Montana has yet to put a price tag on such benefits, but a Minnesota study has done just that. The report, published in April 2009 in the American Journal of Public Health, concludes that the bill for health problems traced to secondhand smoke ranges between $152 million and $330 million each year. Using $228 million as the state’s target figure, the price tag of compromised health averages out to nearly $45 per resident.

No turning back

As Arntzen and Schmalz ponder the numbers, they’re urging the industry to move forward.

“It’s inevitable,” Arntzen said. “We’ve encouraged them not to go down that (reversal) road.”

Instead, they’re brainstorming ways to bring people back and to entice new customers in. Promotions are good, but customer service is paramount, they say. Smokers need more than a bench outside in the dark. They need to feel a part of the action. Smoker shacks need to be comfortable, with privacy, heat and lights, Schmalz said.
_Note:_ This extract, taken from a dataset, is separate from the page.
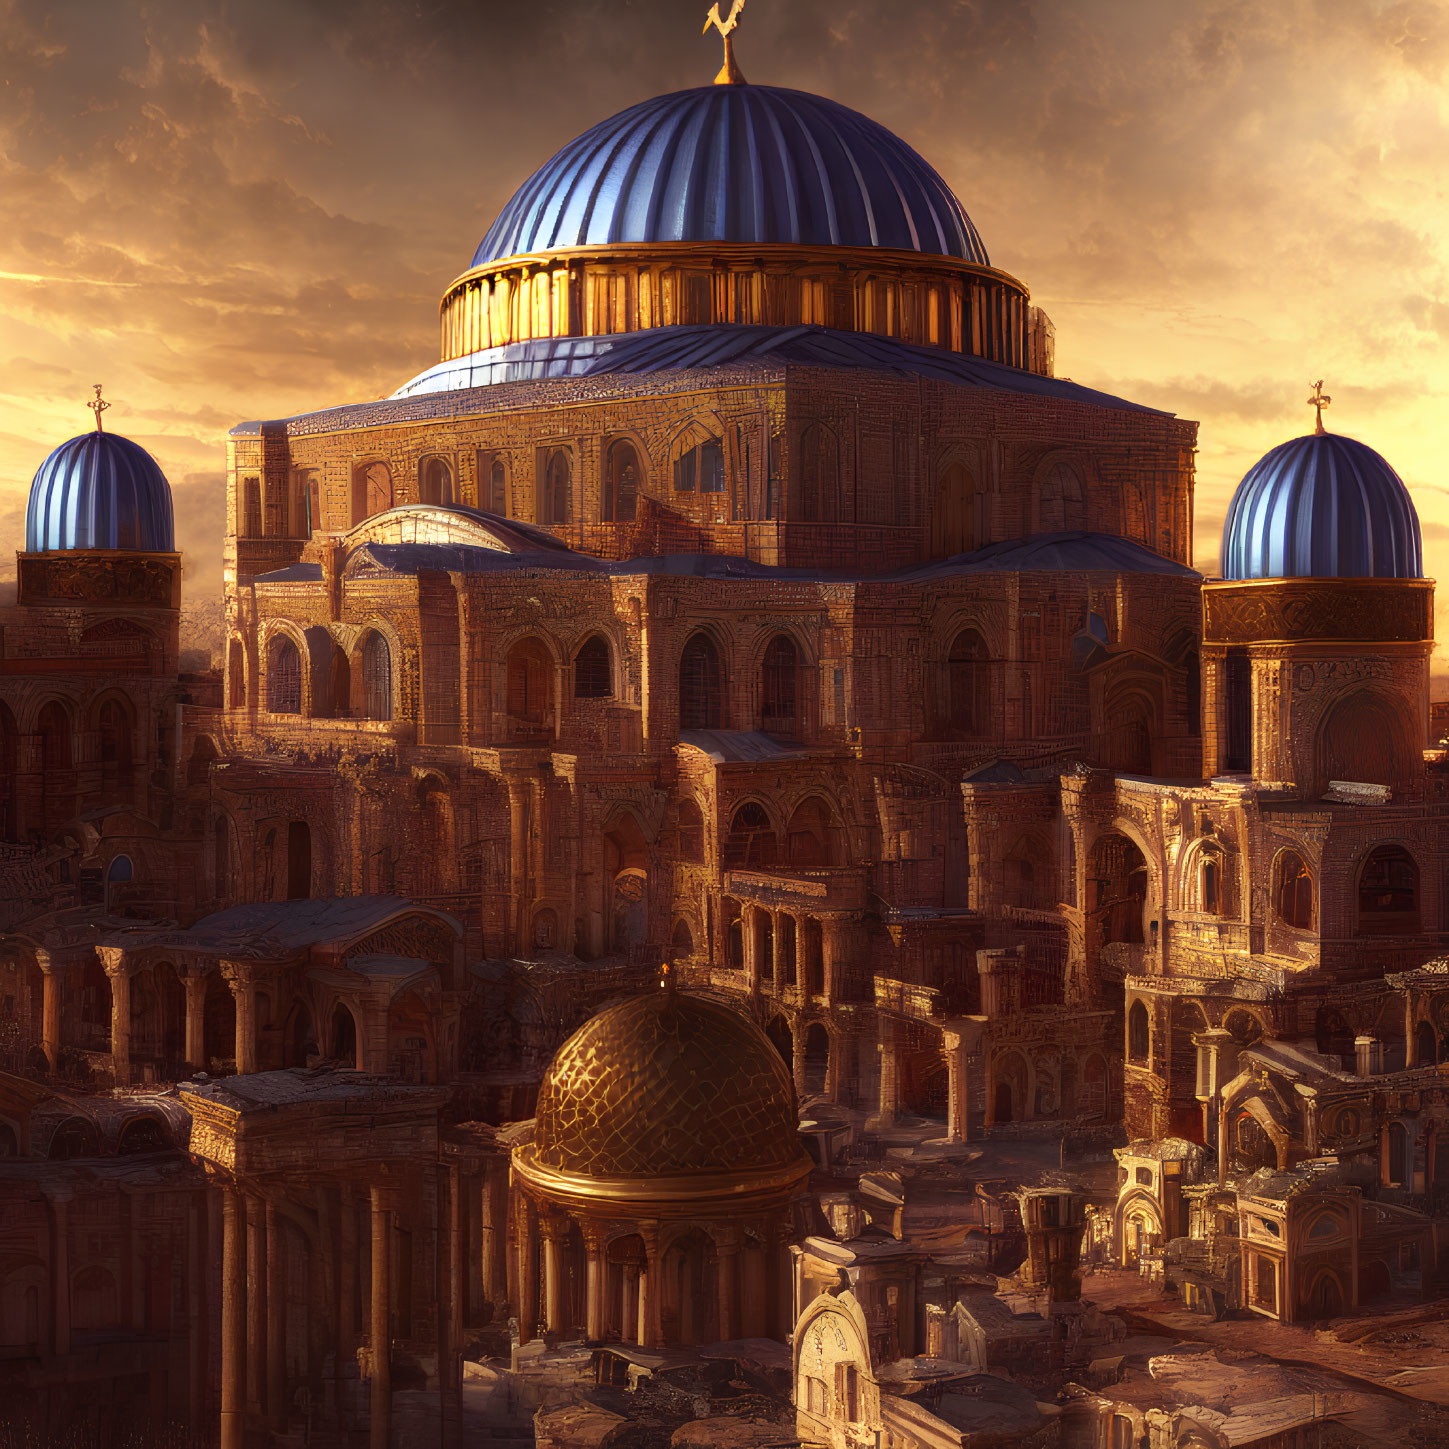 Blue-domed mosque with golden crescents in warm sunset light, intricate architecture, and historic ruins.

“Some places have put coffee and hot chocolate out,” she said. “There’s even talk of putting in sound.”

Above all, anyone stepping into a casino for the first time should be given red carpet treatment. Arntzen likens the experience to eating in an unfamiliar, exotic restaurant. Suggestions and guidance help customers enjoy the experience and make them want to come back, he said.  

Meanwhile, Arntzen and Schmalz continue to monitor weekly revenues, eager for signs that the worst is over.

“There are a lot of good reasons 10 (percent) seemed like a good number,” Arntzen said. “And maybe 10 will be the number. But it’s the sixth week into it. It won’t happen quickly.”